Problem statement - Taking the entries below, transcribe only the lines starting with the one with "Shop Louis Vuitton" and going on through the one with "Großbritannien 2 Shillings 1966 funz/unz", exactly as written, without the pictures.

Data supplied -
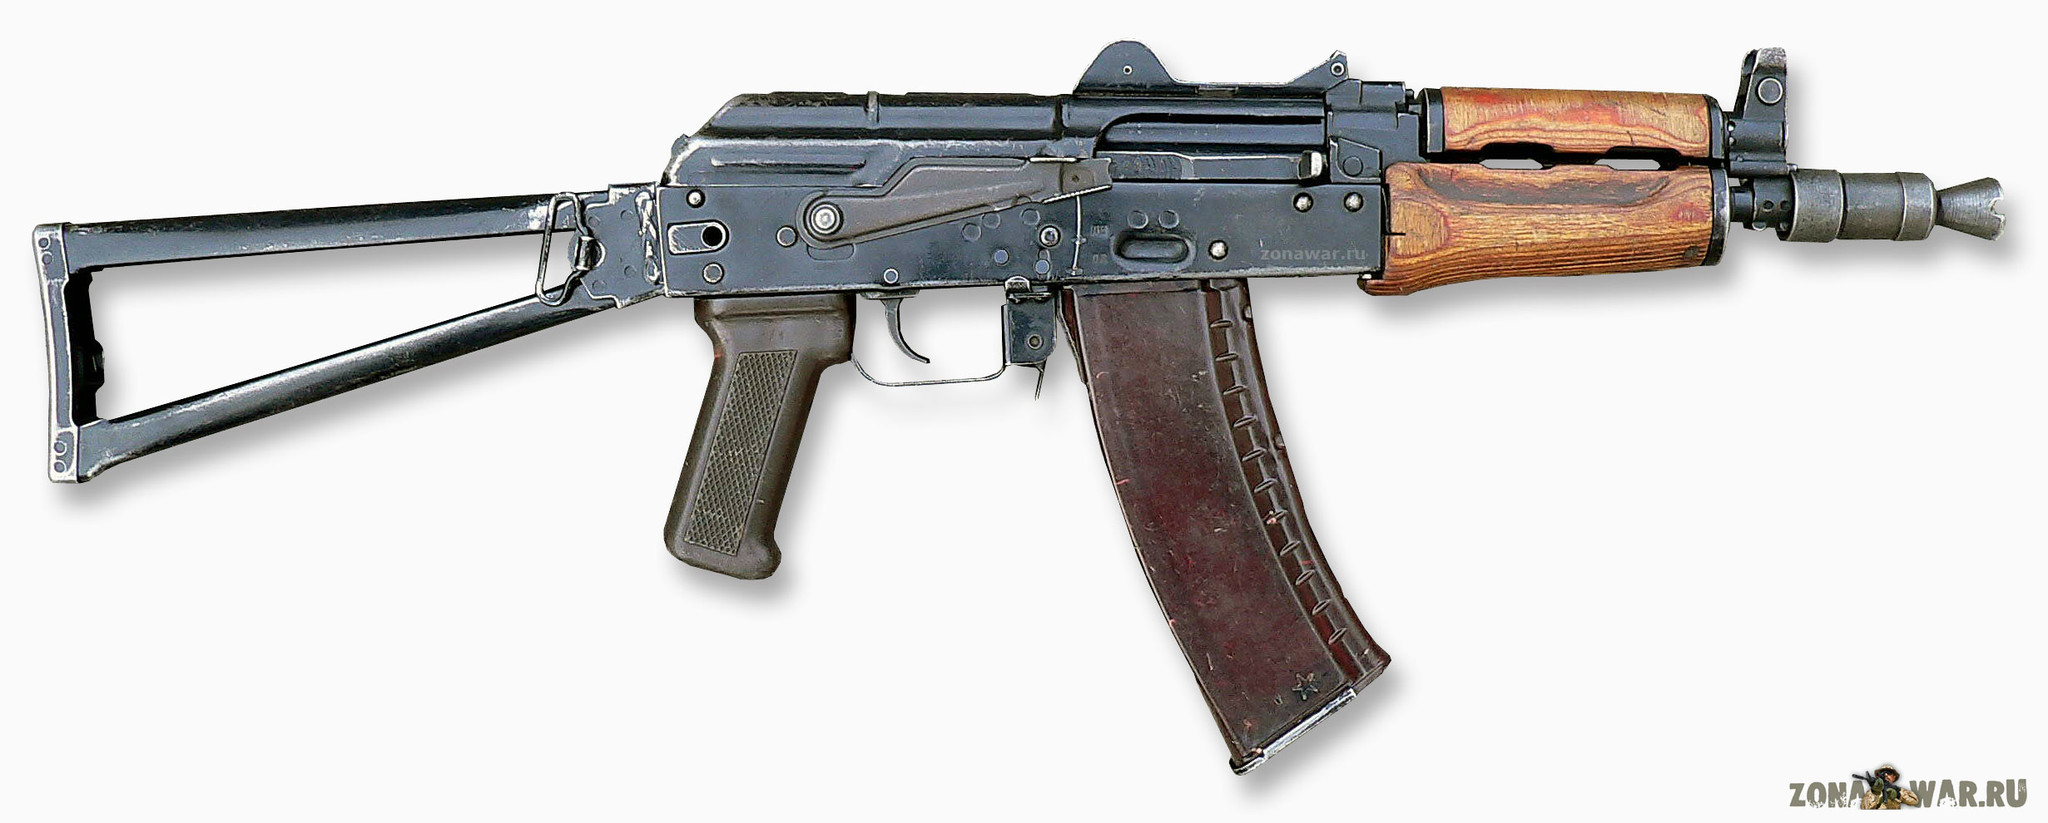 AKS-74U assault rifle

...

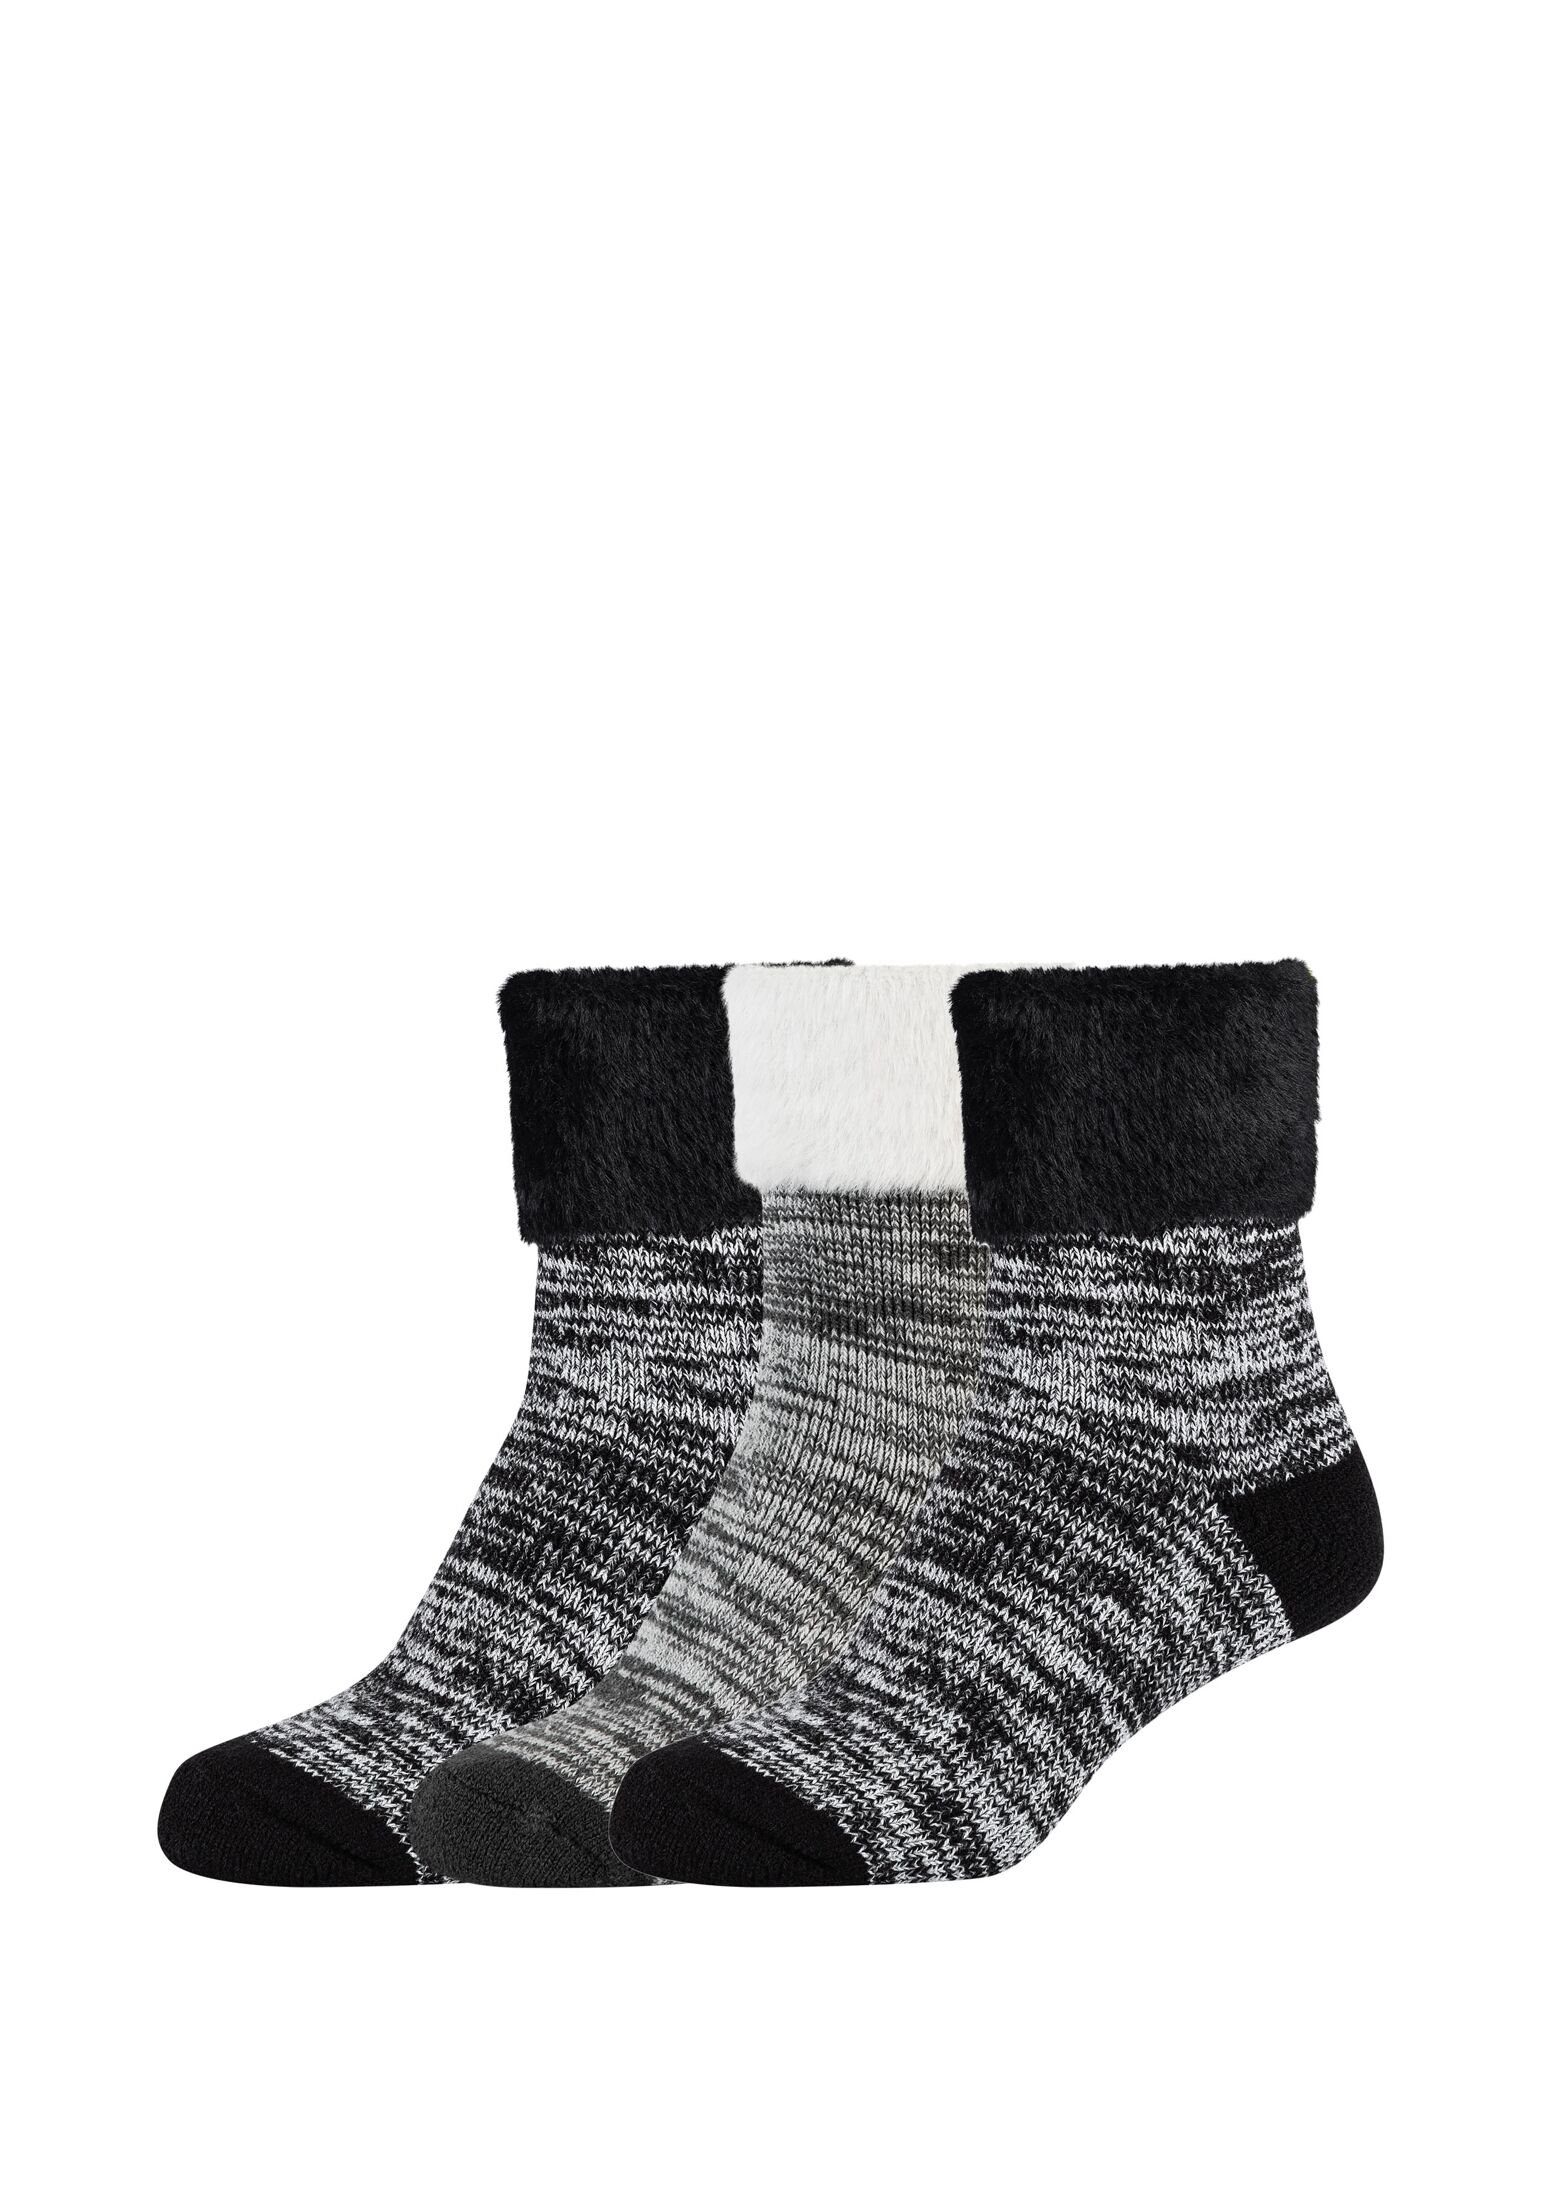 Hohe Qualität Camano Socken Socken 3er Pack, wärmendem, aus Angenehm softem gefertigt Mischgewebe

* * *

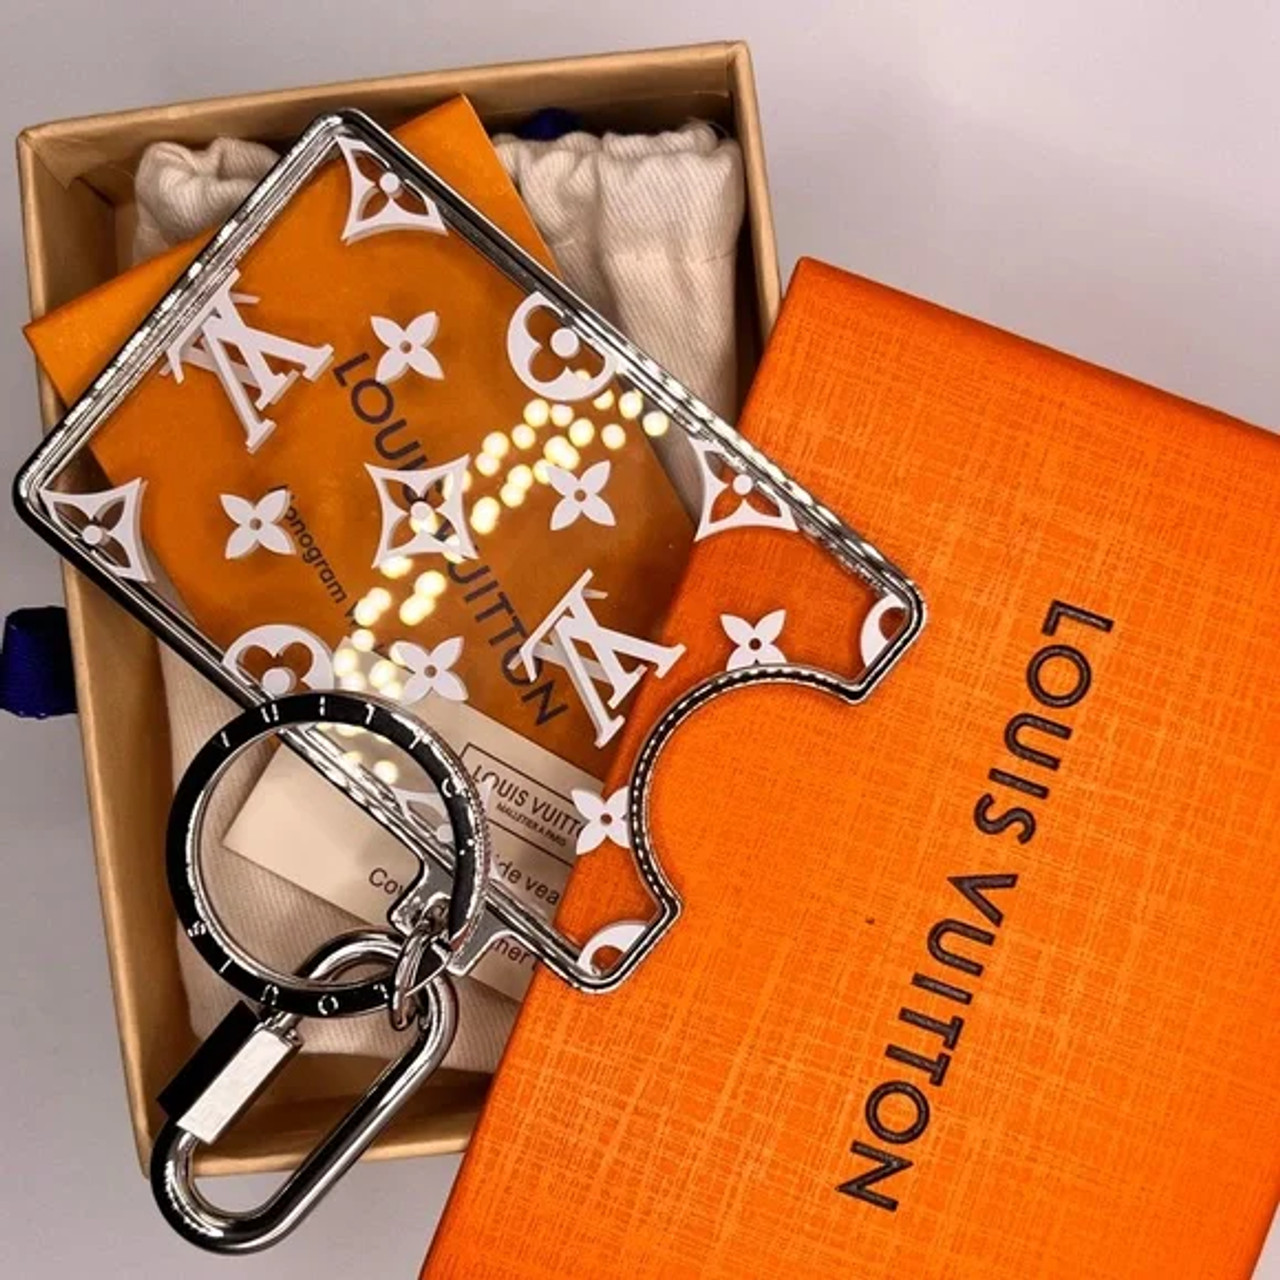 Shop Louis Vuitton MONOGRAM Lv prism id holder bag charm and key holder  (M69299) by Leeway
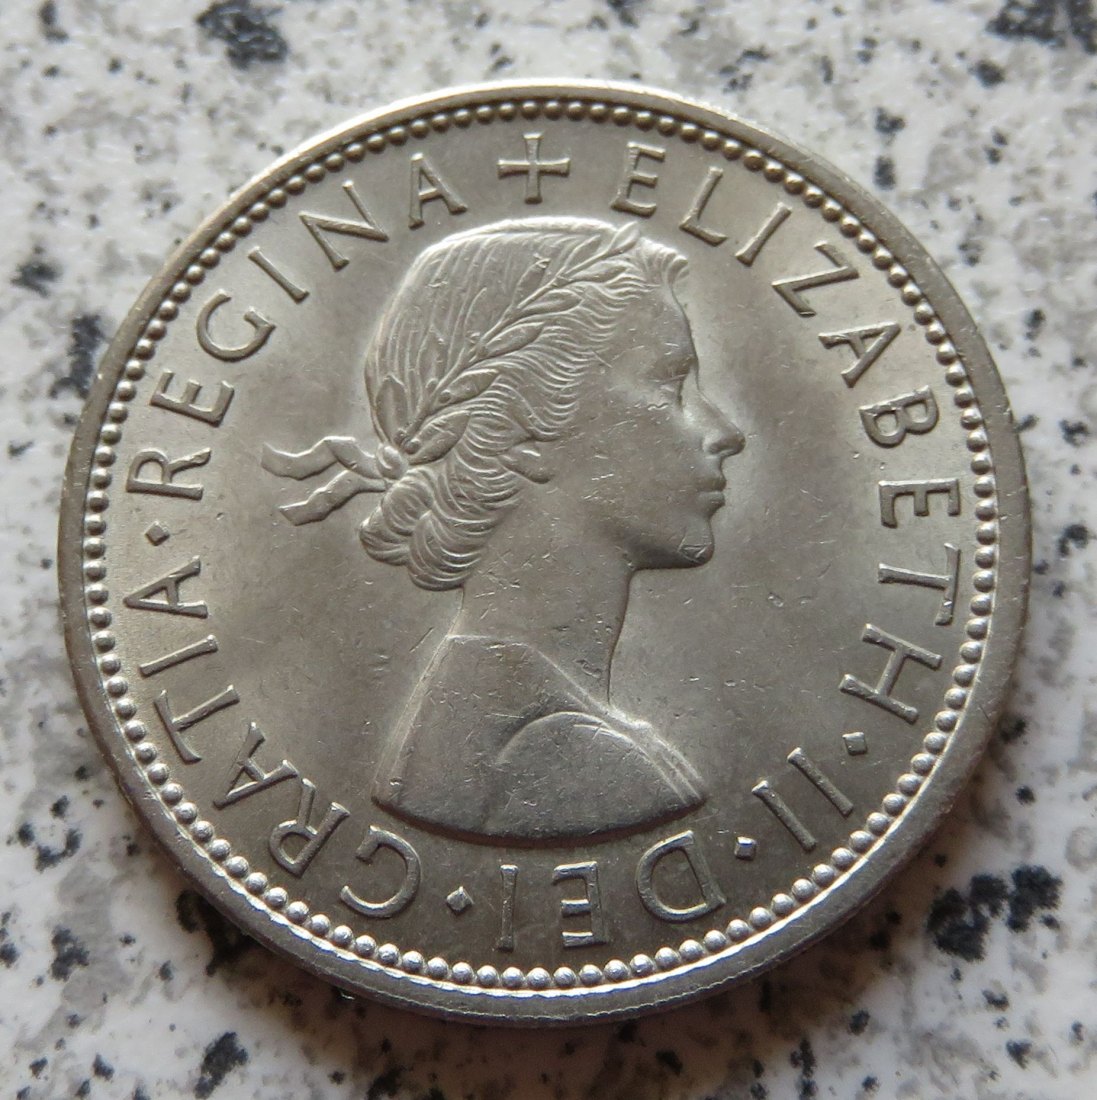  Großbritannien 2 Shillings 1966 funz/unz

Task result -
 Shop Louis Vuitton MONOGRAM Lv prism id holder bag charm and key holder  (M69299) by Leeway
  Großbritannien 2 Shillings 1966 funz/unz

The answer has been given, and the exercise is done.